COSTUME DETAILS FOR WRITERS–1940s MEN

COSTUME DETAILS FOR WRITERS–1940s MEN

Men’s clothes seem to always be the same, at least in the past 100 years, you say. Well, I agree, up to a point. Suits can only have so many variations, of course. But the details are what make the suit. Variations of the details put the suit into or out of style. And, the 1940s, especially the later half of the decade, brought out a new concept: casual dress as a new style for adult men, not just teens and the university crowd.

In the 1930s, the style seemed to be “big”. During the war years, restrictions on fabric use meant that the men who stayed home had to do with more basic styling. Pockets on jackets could not have flaps. Trouser pants could have a maximum of 19” circumference at the ankle, and no cuffs. Suits without vests became the norm, being seen as “wasteful”. Cuffs being so popular, some men got creative, bought pants that were too long then brought them home to have a tailor cuff them. Emulating the ideal soldier, the men on the home front wore suits cut to make them look more muscular, masculine. Wearing older style suits was a badge of patriotism, saving the cloth for “our soldiers”.

In England, the restrictions were even harsher. No pleated back jackets or half belts, no raglan sleeves and no metal zippers or buttons.

For decades, men had worn suits for everything, from office to picnics. The suits tended to be made of thick wool, worsted wool or tweed. With the war, the wool was mixed with rayon to save more wool for the uniforms. It probably was a more comfortable suit. Winter colors were conservative: black, navy, grey, dark brown, tan, medium blue. Summer colors were lighter versions. Tweeds, herringbones, checks, plaids and wide chalk stripes were available.

Double breasted jackets were restricted during the war, so the new style suit coat was single breasted, only, for a few years. The war-time styling called for jackets to be tapered at the waist, with well-padded shoulders. Together with the wide notch or peaked lapels, it gave the illusion of a big man. When the double-breasted look came back, the men looked very big, indeed!

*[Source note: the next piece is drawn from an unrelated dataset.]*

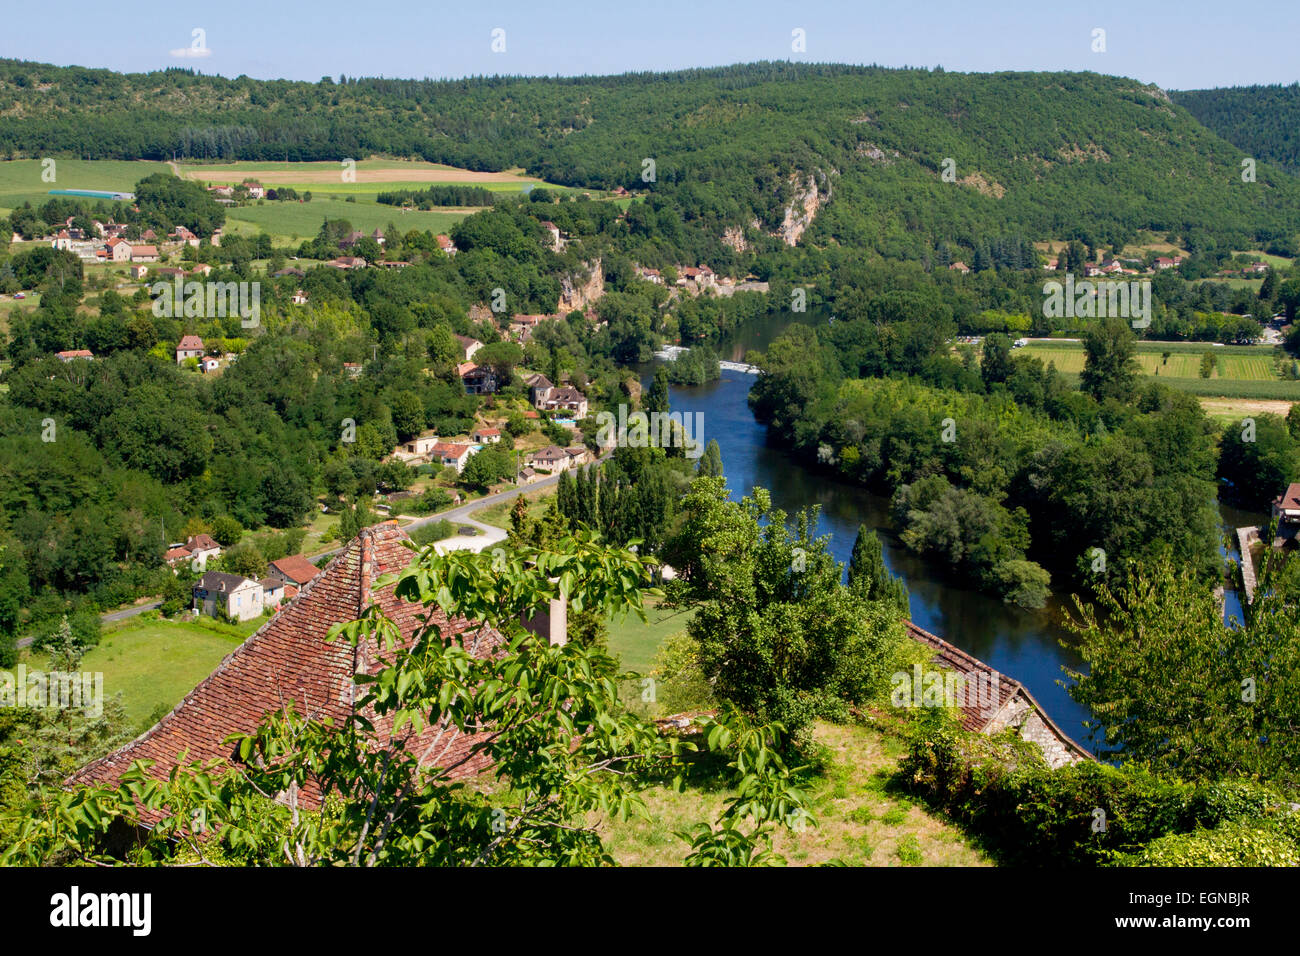 La rivière Lot et campagne environnante de village médiéval de Saint-Cirq-Lapopie, département du Lot, au sud-ouest de la France en août Banque D'Images
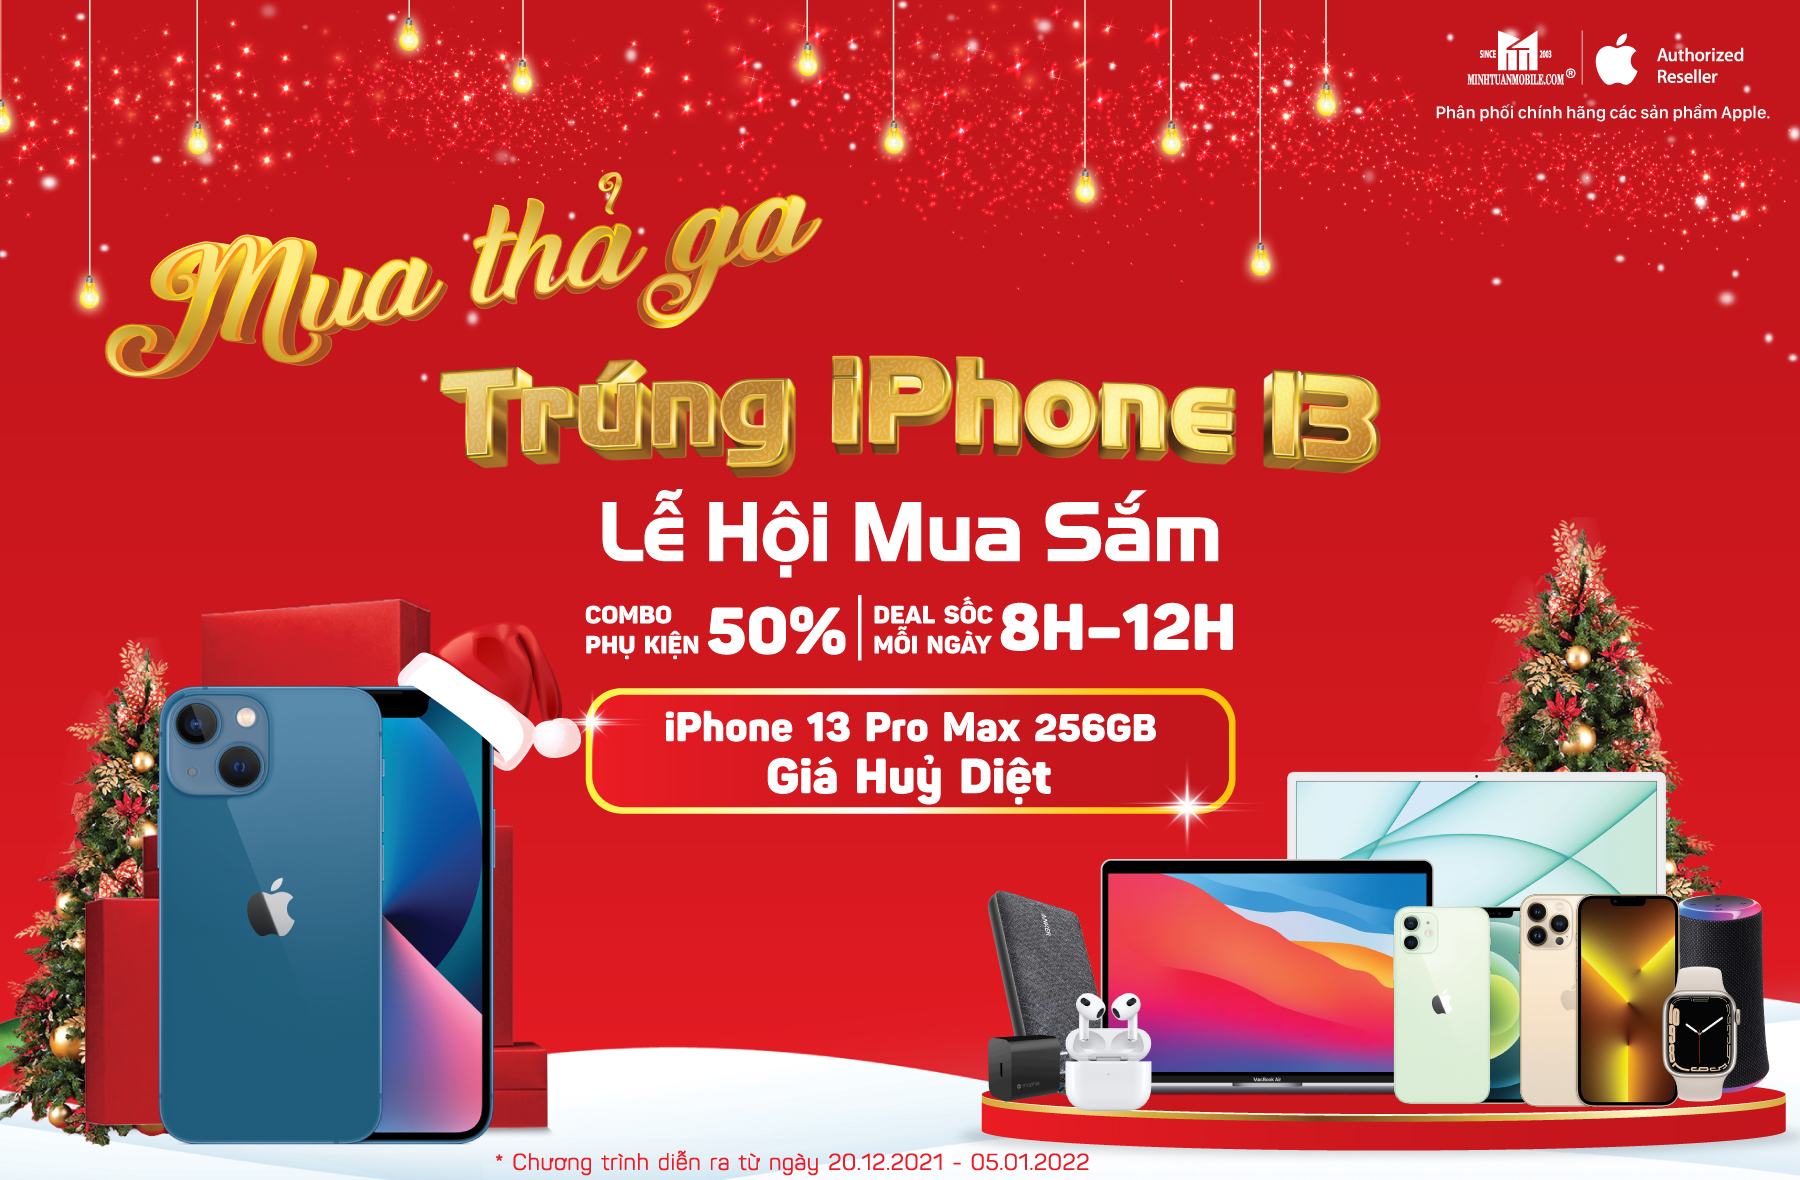 Sở hữu iPhone 13 cực dễ với chương trình Lễ hội mua sắm cuối năm của Minh Tuấn Mobile

The suit trousers had either a flat or single pleat at the front. The waist fit high, with a 3” band. Suspenders were still de rigor, but, as the war ended and leather became more available, the pants became more fitted at the waist and belts with metal buckles became more popular.

Dress shirts now came with attached collars sporting large pointed tips. Shirts were one of the few colorful parts of a man’s dress. They appeared, mostly in cotton, in blue, white, tan, yellow, green and grey solids. Thin stripes and pin dots were also seen. They were shorter than today’s dress shirt lengths, due to the high waist, and were designed to be tucked in.

Neckties were shorter, also, designed to end 2” above the high waist. They tended to be very artsy and themed. Made of silk, rayon or wool, the long ties were as creative as the socks, with argyle, stripes and pictures. Bow ties were out for all but the older men. Pocket squares were a must, now. They could be white or colorful, but not for practical use.